TASK TO CARRY OUT: Starting with the line below that holds "2004 Yu-Gi-Oh TCG" and stopping after the line that holds "Buy Stute Diabetic", transcribe the lines exactly, leaving out all pictures.

MATERIAL FOR THIS TASK:

Segment Open

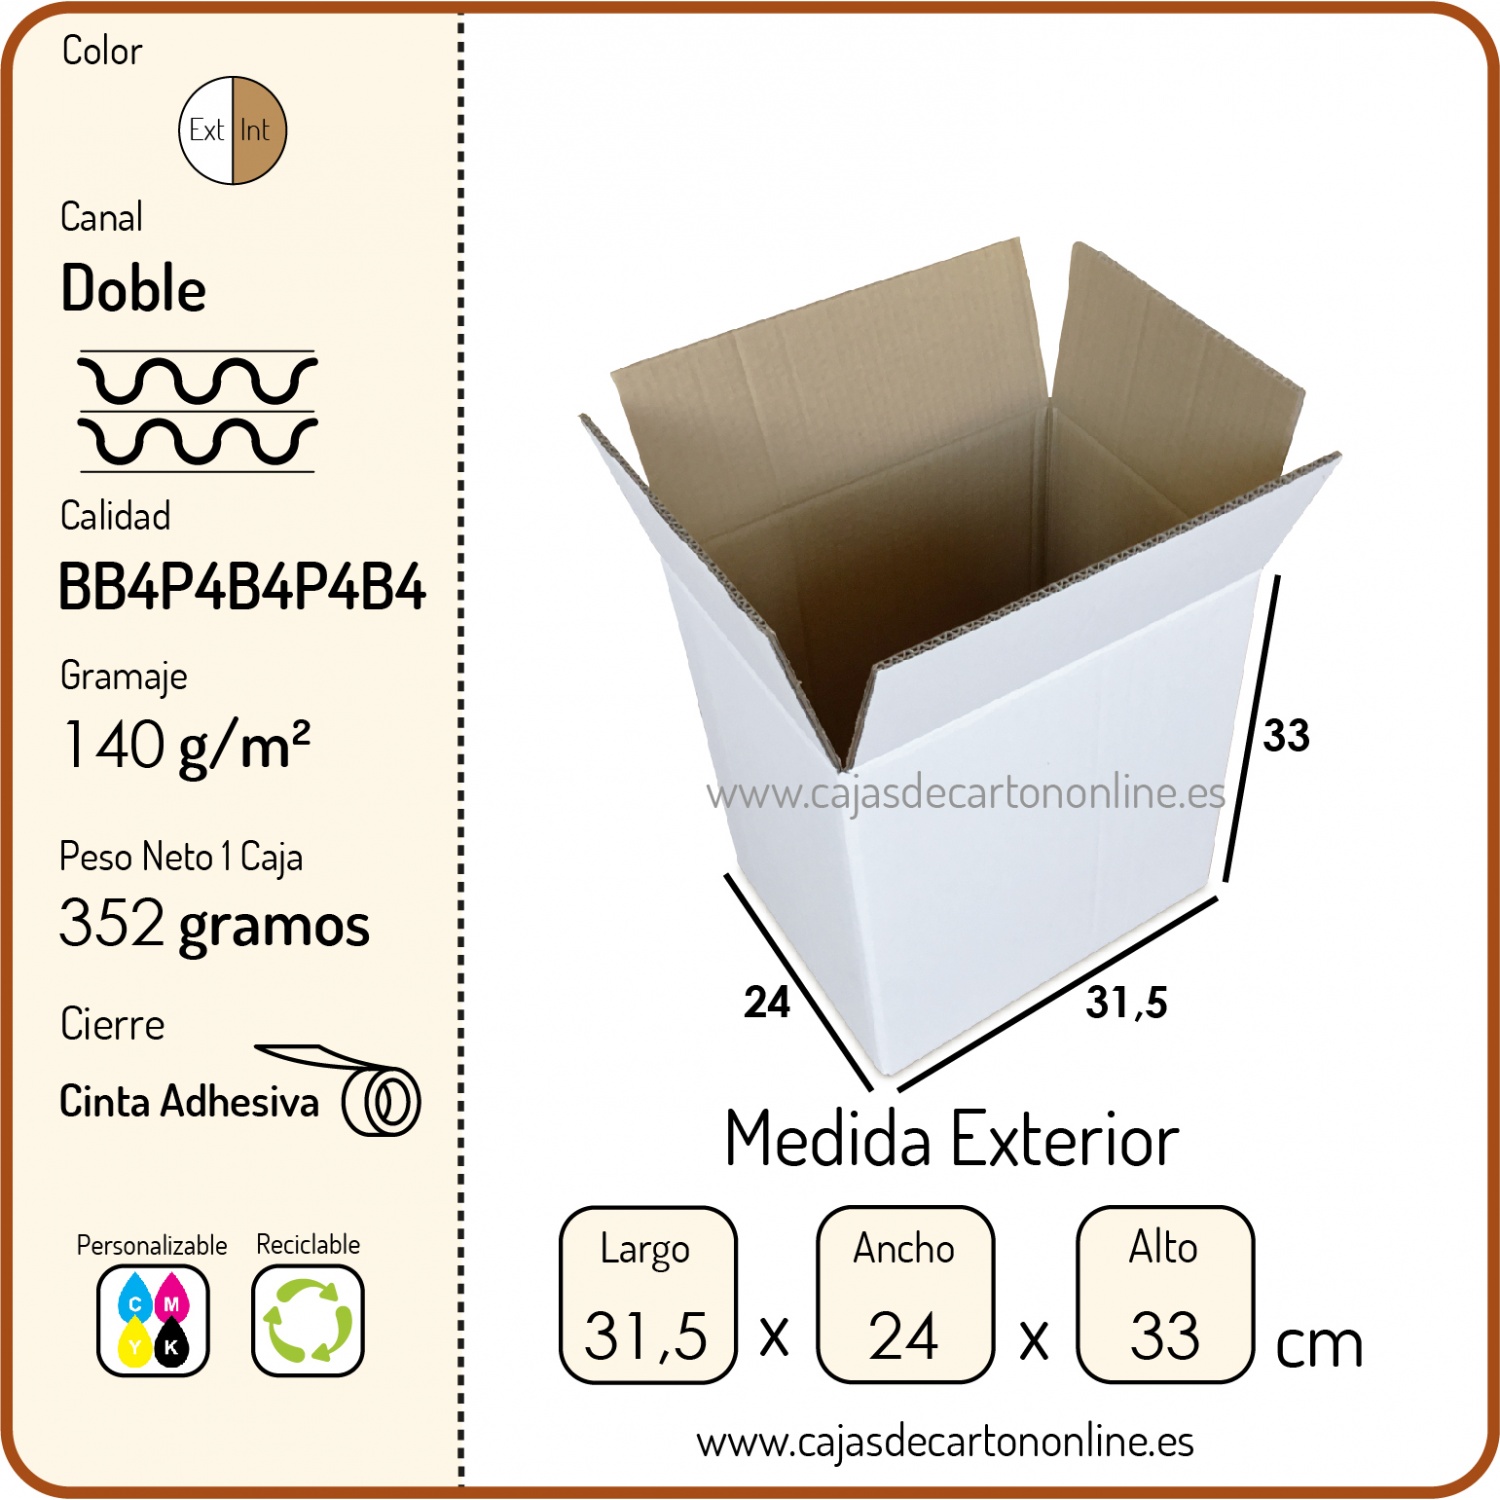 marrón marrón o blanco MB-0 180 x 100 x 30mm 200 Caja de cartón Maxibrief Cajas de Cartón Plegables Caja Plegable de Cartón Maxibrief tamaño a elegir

Segment Closed
Segment Open

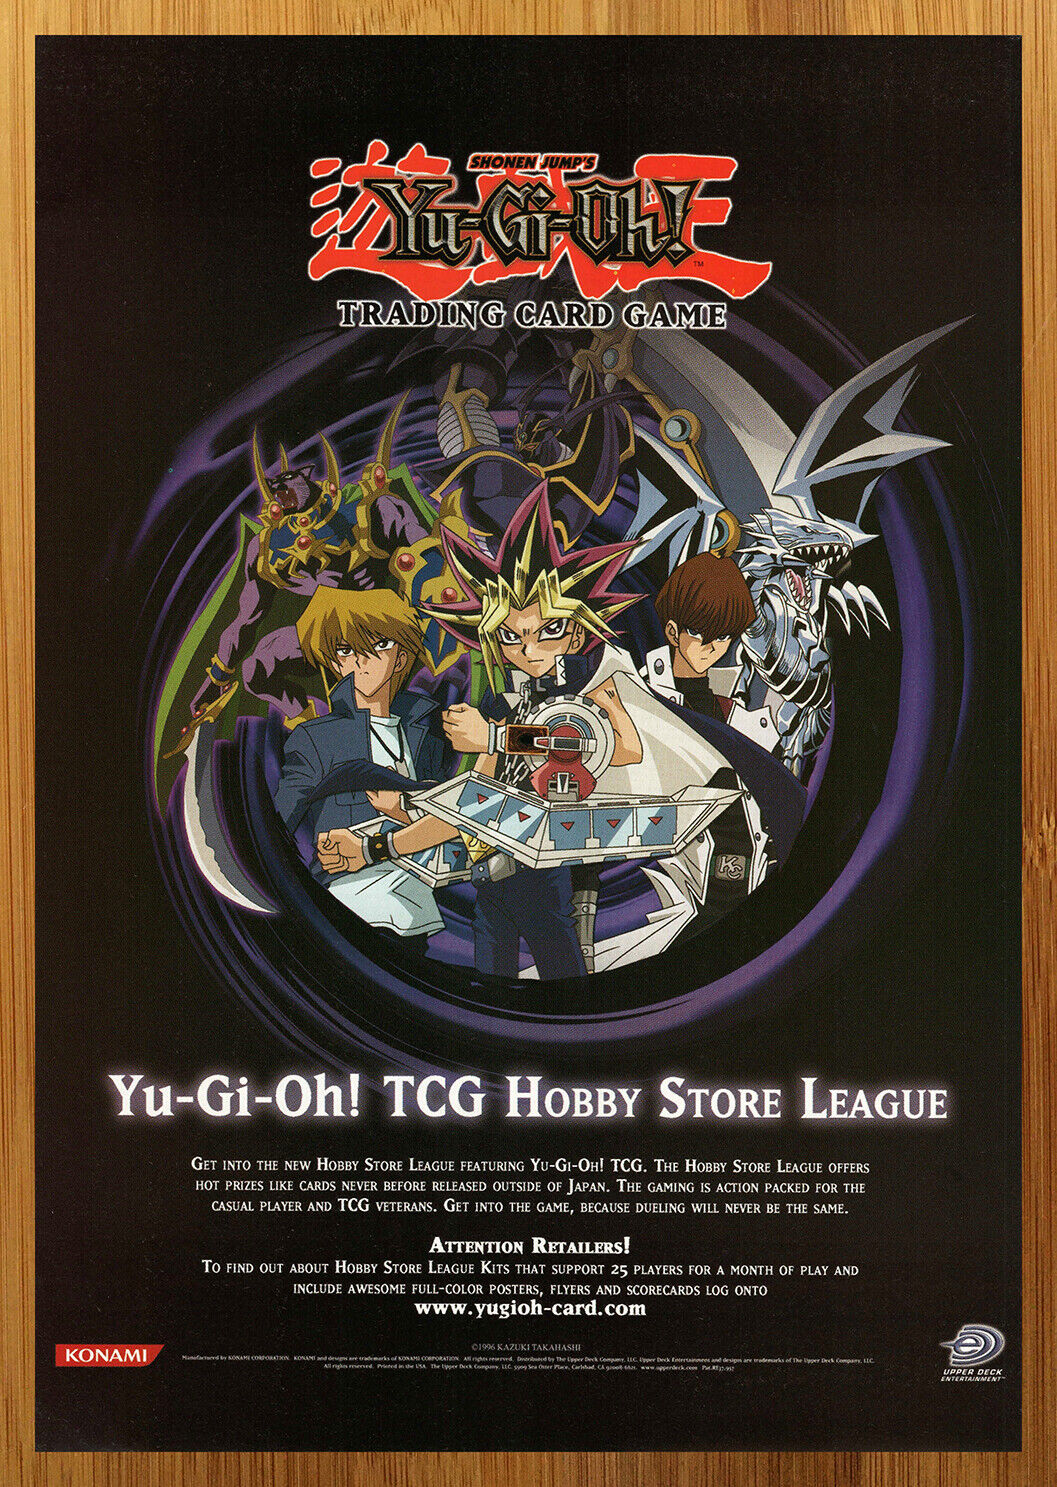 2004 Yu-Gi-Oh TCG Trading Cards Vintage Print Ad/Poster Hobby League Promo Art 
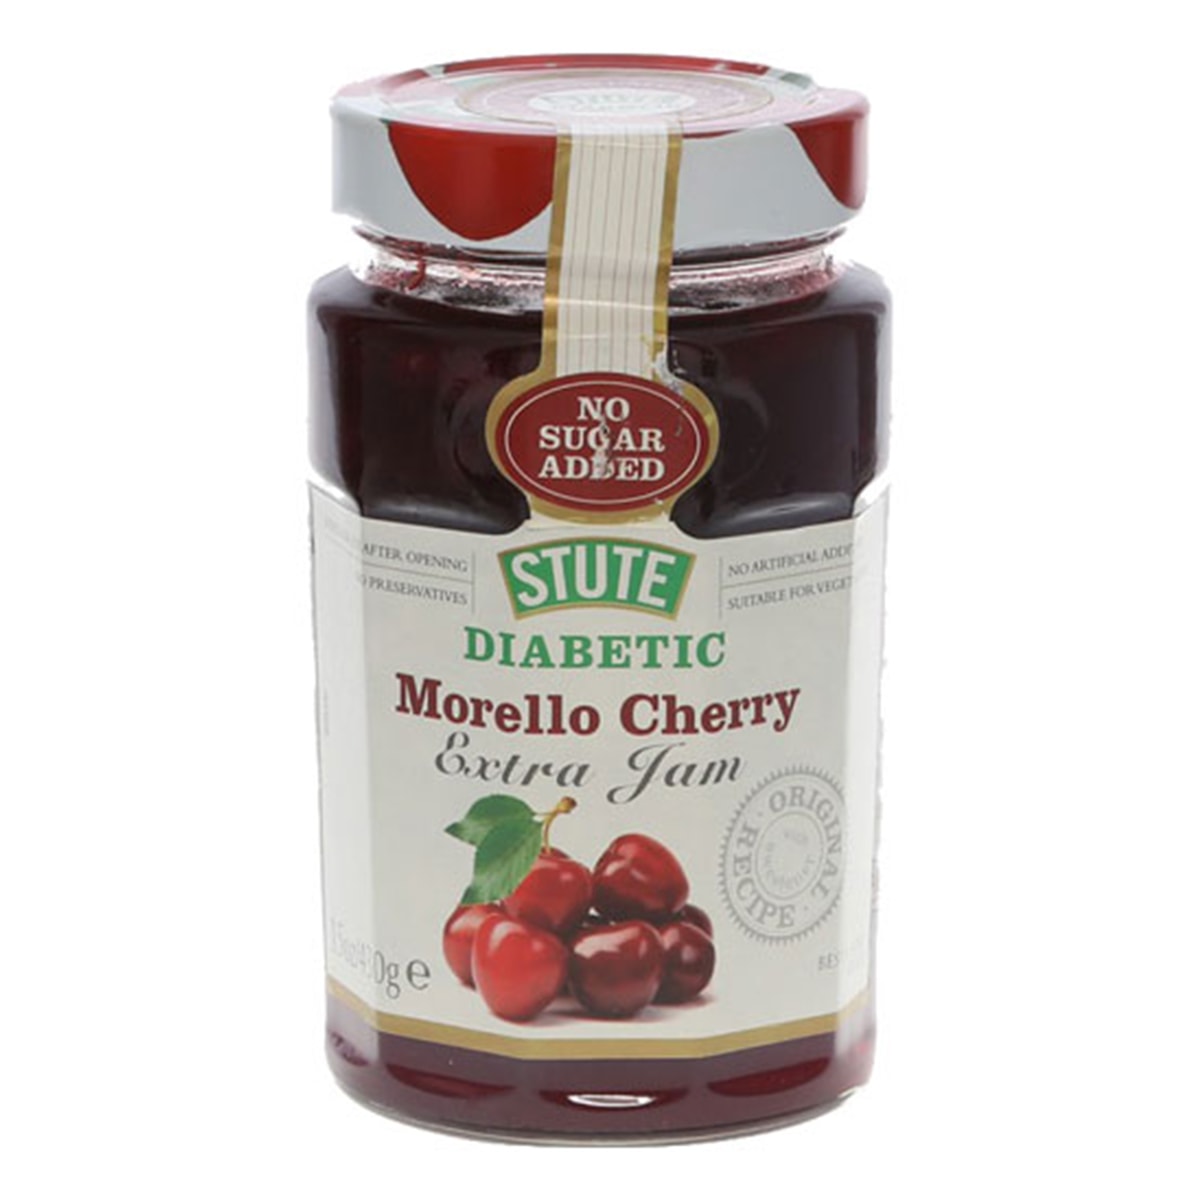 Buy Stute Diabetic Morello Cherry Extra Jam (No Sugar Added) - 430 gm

Segment Closed
Segment Open

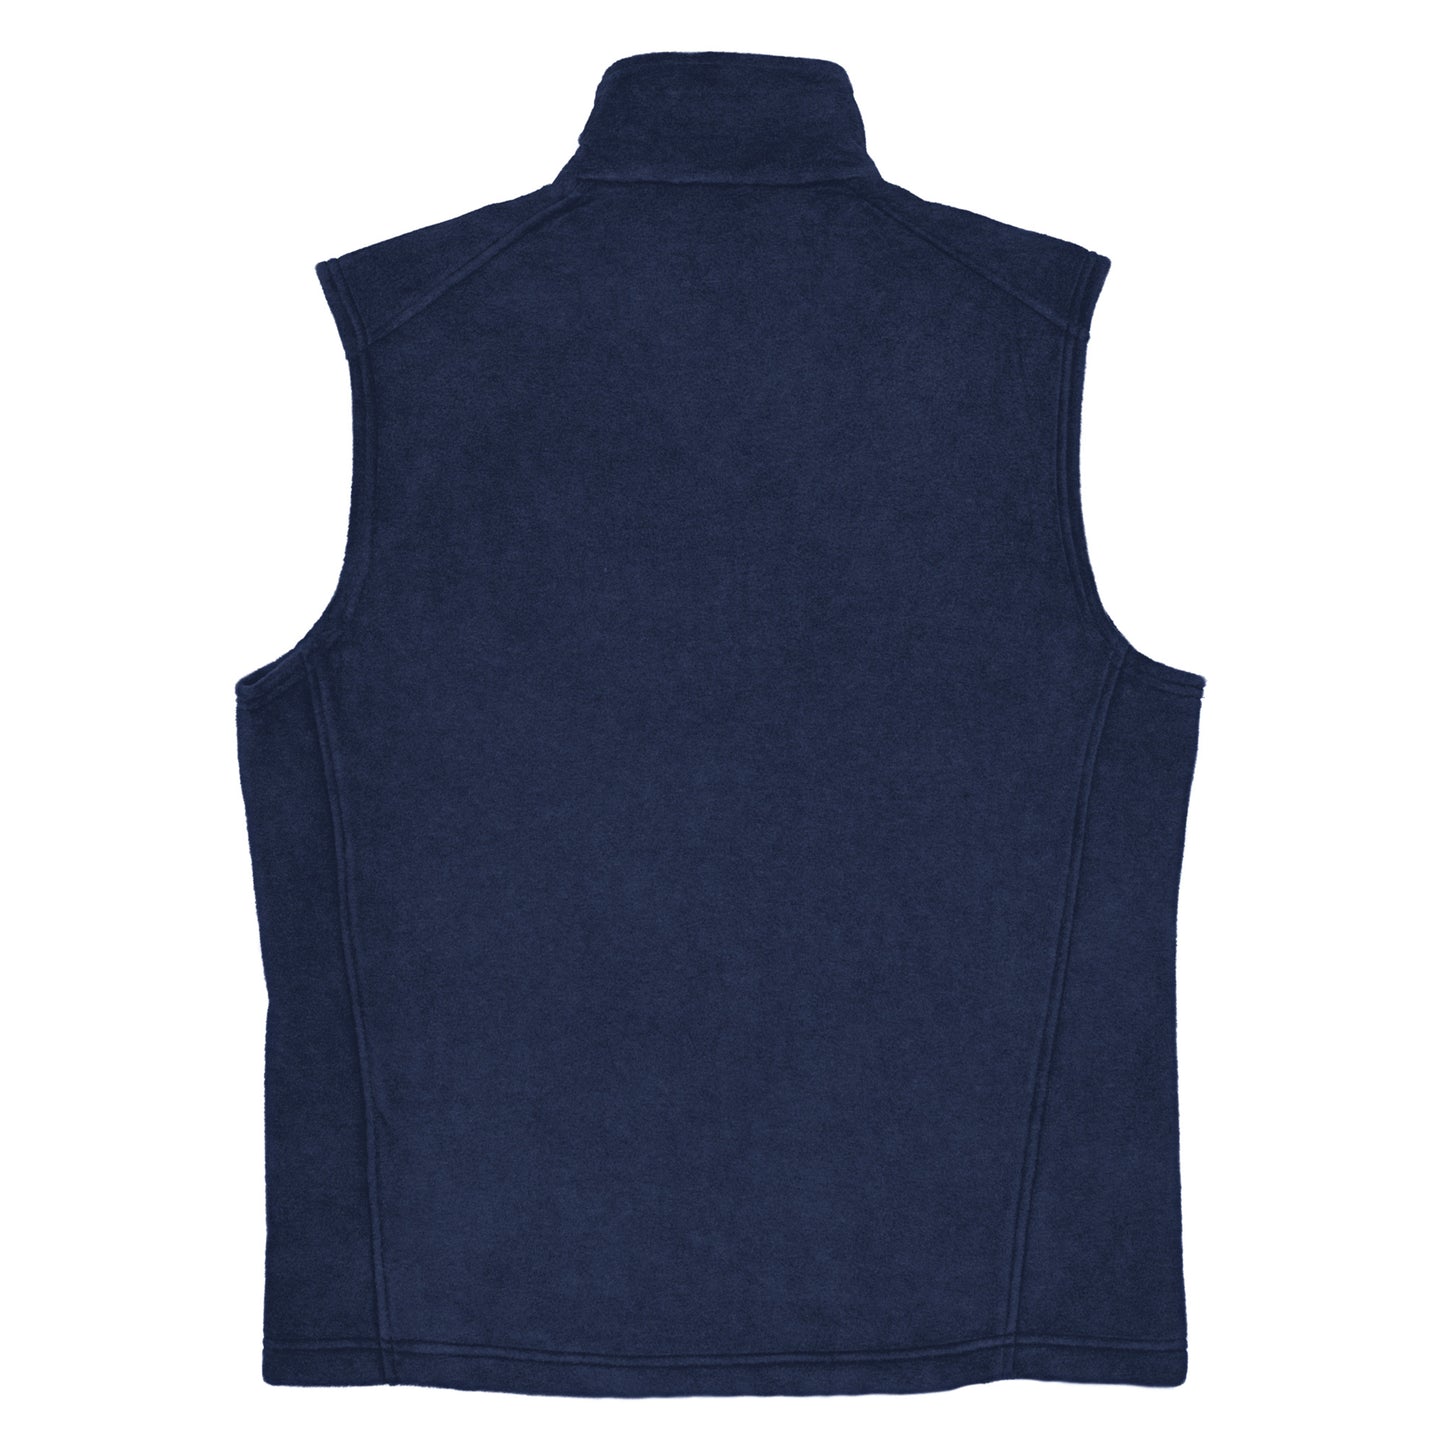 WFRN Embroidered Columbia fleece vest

Segment Closed

SOLUTION TO THIS PROBLEM:
 2004 Yu-Gi-Oh TCG Trading Cards Vintage Print Ad/Poster Hobby League Promo Art 
 Buy Stute Diabetic Morello Cherry Extra Jam (No Sugar Added) - 430 gm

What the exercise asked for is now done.